I FIGLI DI GIUSEPPE MOTTINI IN GUERRA
Nella prima guerra mondiale i figli di Mottini, Joseph e Frank, furono arruolati nell'esercito degli Stati Uniti. Joseph fu congedato prima di essere inviato all'estero, ma Frank fu mandato a combattere nelle trincee della Francia. Fu durante la guerra in trincea, poco prima della fine della guerra, che Frank fu esposto all'avvelenamento da gas mostarda. All'inizio sembrava essersi ripreso e fu rimandato a casa in California. Tuttavia, durante un ballo di benvenuto a Downieville, collassò e non si riprese più, morendo poco tempo dopo per gli effetti dell'avvelenamento da gas mostarda.

LA MORTE DI GIUSEPPE MOTTINI
Giuseppe Mottini, già forte bevitore e sofferente per il dolore per la morte del figlio, peggiorò rapidamente. Sopravvisse a suo figlio Frank per meno di tre mesi, morendo nella sua casa di China Flat il 28 giugno 1919 di cirrosi epatica.

IL CAMPING
La moglie Rosa, con i suoi figli Joseph e Aurelio continuarono a gestire la fattoria a China Flat, anche se Joseph si trovò spesso a spostarsi con la moglie e i figli piccoli in cerca di lavoro.

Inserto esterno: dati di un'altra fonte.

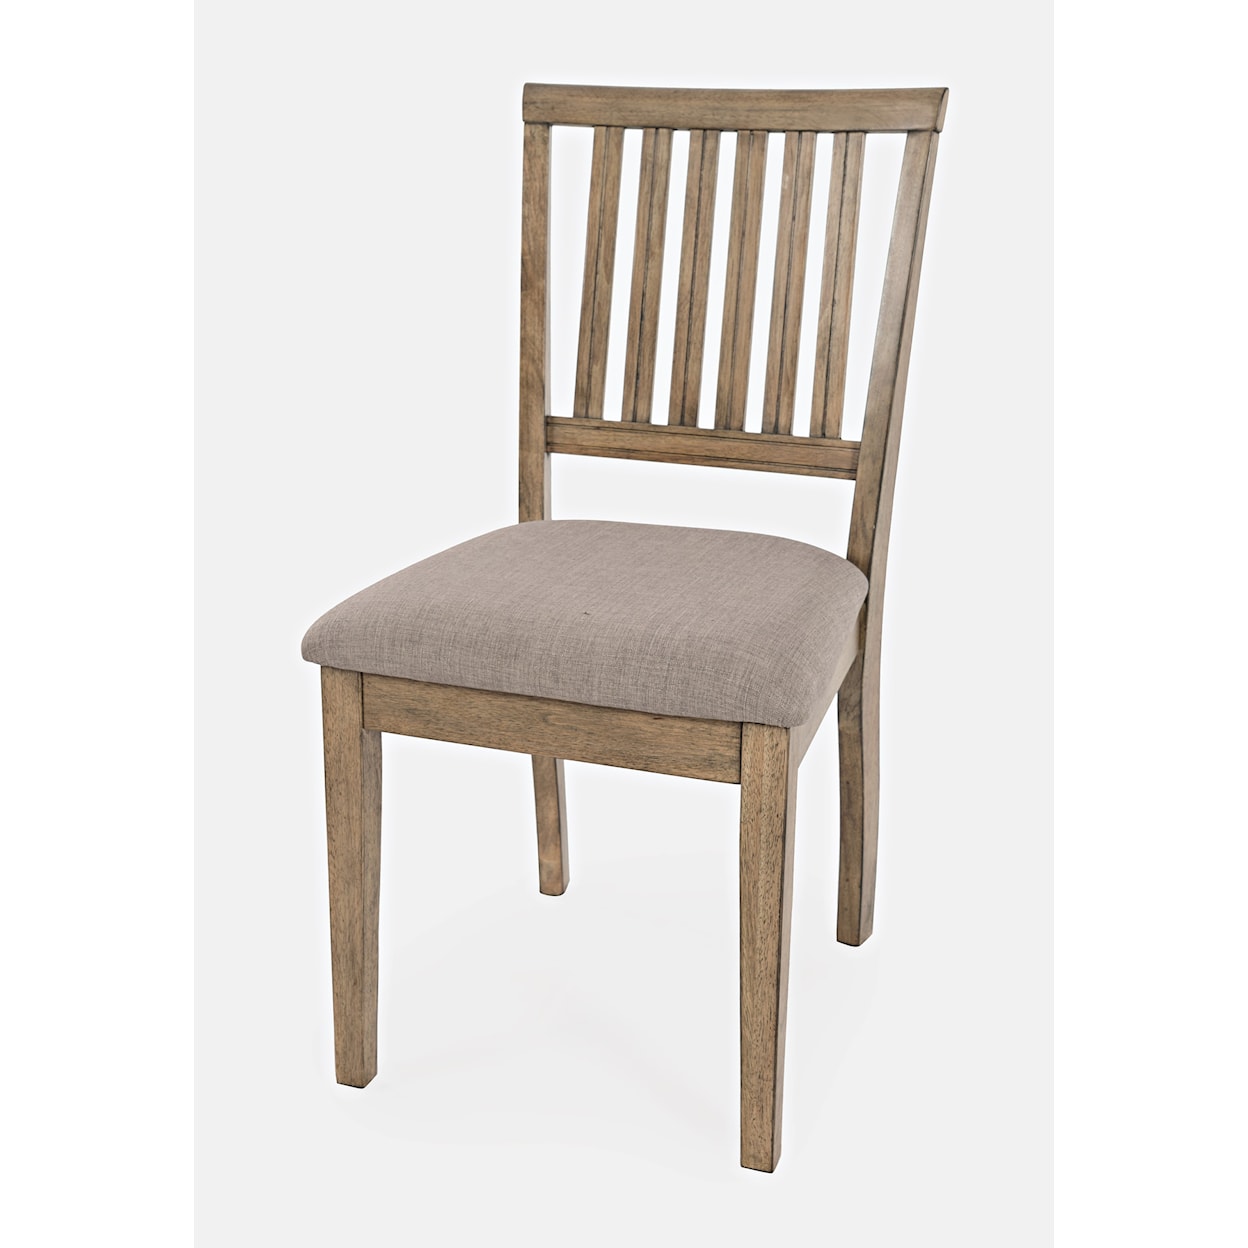 Jofran Prescott Park Slatback Chair (2/CTN)

Nel 1925, Joseph e Aurelio fondarono lo “Yuba Camp” a China Flat, che forniva alloggio e campeggio per turisti, campeggiatori, pescatori, cacciatori ed automobilisti. Al campo Yuba si trovavano anche un saloon e una stazione di servizio. Questo resort è stato il primo del suo genere sul fiume North Yuba, e fino ad oggi è ancora possibile affittare cabine in questa località (lo stabilimento Yuba Camp dei fratelli Mottini era abbastanza simile al Camping Village Yolki Palki che si trova oggi in val Bognanco).

LA DECADENZA DELLA ATTIVITA’
Tuttavia, Aurelio Mottini morì di cancro nel 1937, seguito dalla morte di Rosa Morganti nel 1938. Non potendo permettersi di mantenere il ranch, il saloon e il resort a causa della depressione economica dell'epoca, Joseph Mottini perse la proprietà del ranch e si trasferì a Downieville con sua moglie e i suoi figli. Il salone bruciò pochi anni dopo e non fu mai ricostruito. La casa della famiglia Mottini fu occupata da diverse altre famiglie fino agli anni '70, quando tutto venne distrutto da un incendio. Oggi della proprietà Mottini a China Flat rimangono solo un vecchio fienile e diversi meli, insieme a diverse cabine per le vacanze costruite negli anni '40 dopo che la famiglia Mottini lasciò la proprietà che ora fanno parte di un piccolo resort.

I BOGNANCHESI NEL MONDO
Oggi – conclude Cory Peterman - sono ancora molti i discendenti degli immigrati della Val Bognanco che vivono in California e in particolare nella Sierra County».